# Calculus

## Applications of the Derivative # Osculating Curves

## Order of Contact of Plane Curves

Let $$y = f\left( x \right)$$ and $$y = g\left( x \right)$$ be two plane curves, which osculate at the point $${M_0}\left( {{x_0},{y_0}} \right)$$ $$\left({\text{Figure }1}\right)$$ and have derivatives up to the $$\left( {n + 1} \right)$$th order inclusively.

It is said that the curves $$y = f\left( x \right)$$ and $$y = g\left( x \right)$$ have a contact of order $$n$$ at the point $${M_0}\left( {{x_0},{y_0}} \right)$$ if the following conditions hold:

$f\left( {{x_0}} \right) = g\left( {{x_0}} \right),\;\;\;f'\left( {{x_0}} \right) = g'\left( {{x_0}} \right),\;\;\;f^{\prime\prime}\left( {{x_0}} \right) = g^{\prime\prime}\left( {{x_0}} \right),\ldots,\;\;\;{f^{\left( n \right)}}\left( {{x_0}} \right) = {g^{\left( n \right)}}\left( {{x_0}} \right),\;\;\;{f^{\left( {n + 1} \right)}}\left( {{x_0}} \right) \ne {g^{\left( {n + 1} \right)}}\left( {{x_0}} \right).$

In particular, if $$n = 1,$$ the curves $$y = f\left( x \right)$$ and $$y = g\left( x \right)$$ have a common tangent line.

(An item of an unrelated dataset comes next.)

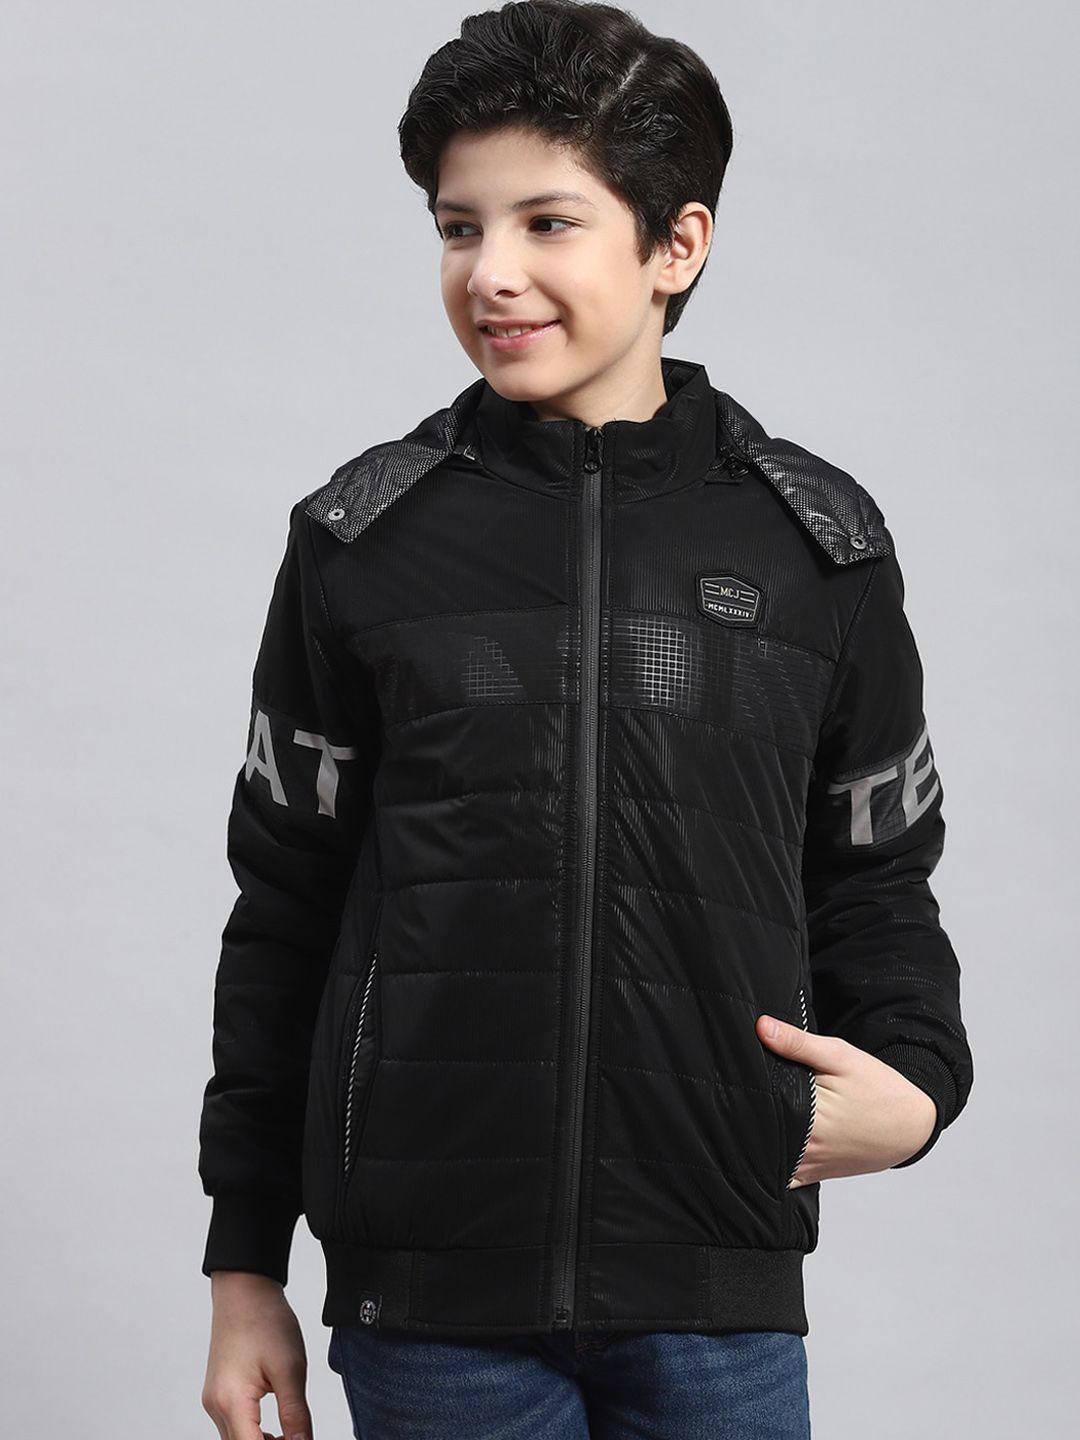 monte carlo boys typography printed hooded lightweight padded jacket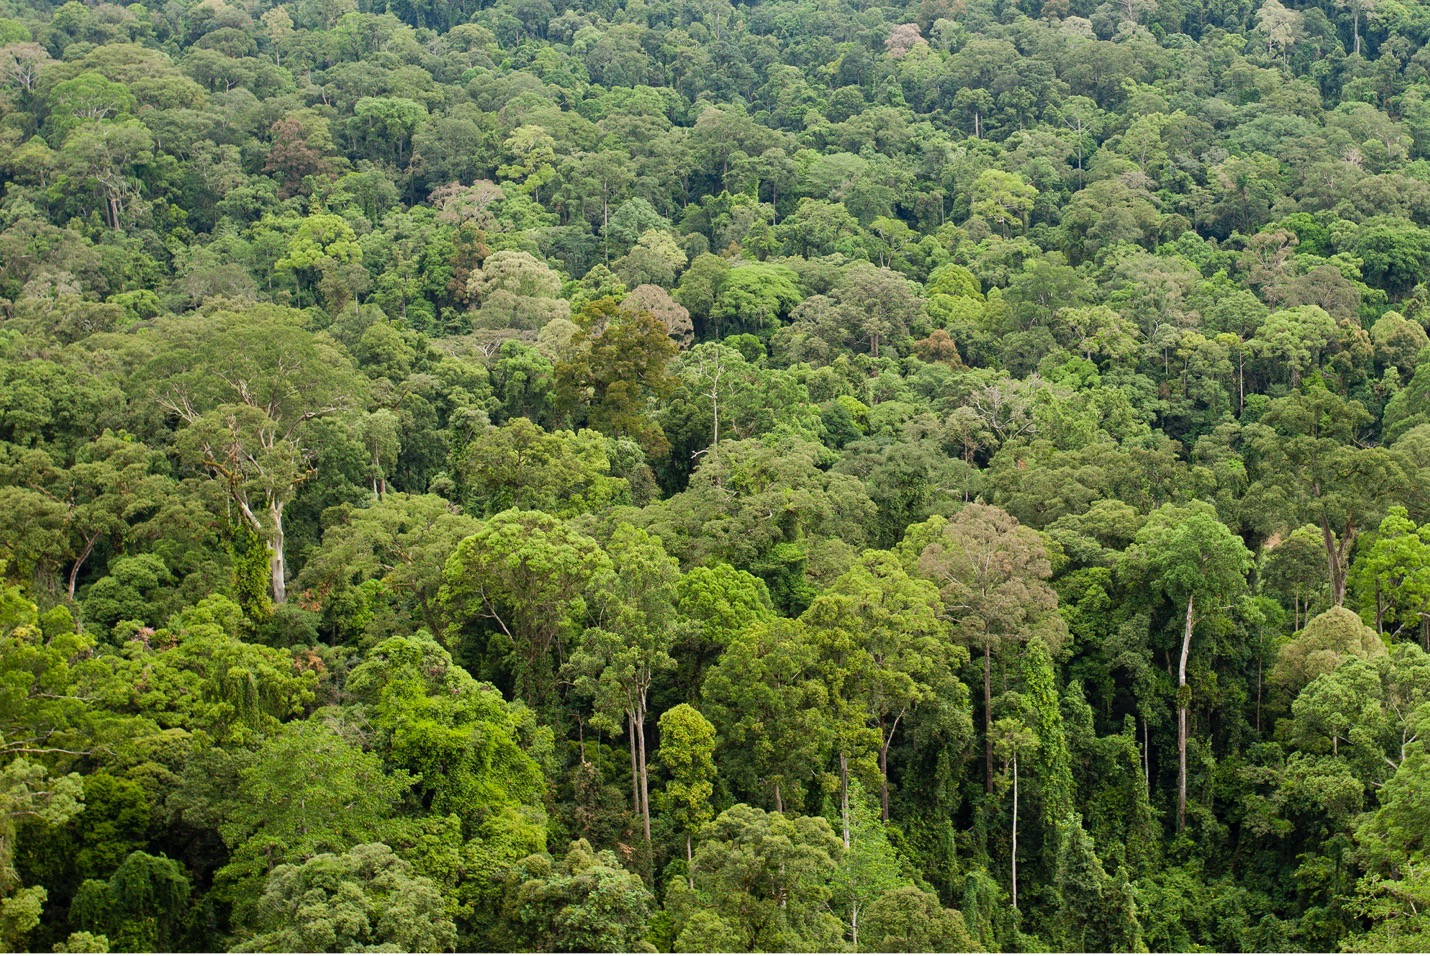 the dense borneo rainforest as a pattern of trees in the landscape

The case $$n = 0$$ means that the curves have a common point $${M_0}\left( {{x_0},{y_0}} \right):$$ $$f\left( {{x_0}} \right) = g\left( {{x_0}} \right),$$ but their first derivatives do not coincide: $$f'\left( {{x_0}} \right) \ne g'\left( {{x_0}} \right).$$ In this case, the curves simply intersect at the point $${M_0}.$$

We can consider the difference between the functions $$\varphi \left( x \right) = g\left( x \right) - f\left( x \right)$$ in a neighborhood of the point $${x_0}$$ and expand it in a Taylor series with Peano's form of remainder. If the curves $$g\left( x \right)$$ and $$f\left( x \right)$$ have the $$n$$th order contact, then the first $$n$$ terms of the series are zero and the difference $$\varphi \left( x \right)$$ is represented as

$\varphi \left( x \right) = \frac{{{\varphi ^{\left( {n + 1} \right)}}\left( {{x_0}} \right) + \alpha }}{{\left( {n + 1} \right)!}}{\left( {x - {x_0}} \right)^{n + 1}} = \frac{{{g^{\left( {n + 1} \right)}}\left( {{x_0}} \right) - {f^{\left( {n + 1} \right)}}\left( {{x_0}} \right) + \alpha }}{{\left( {n + 1} \right)!}} \cdot {\left( {x - {x_0}} \right)^{n + 1},}$

that is proportional to $${\left( {x - {x_0}} \right)^{n + 1}}.$$ Consequently, for even values of $$n,$$ the difference $$\varphi \left( x \right)$$ has opposite signs to the left and right of the point of contact $${M_0}.$$ The particular case $$n = 0$$ was considered above.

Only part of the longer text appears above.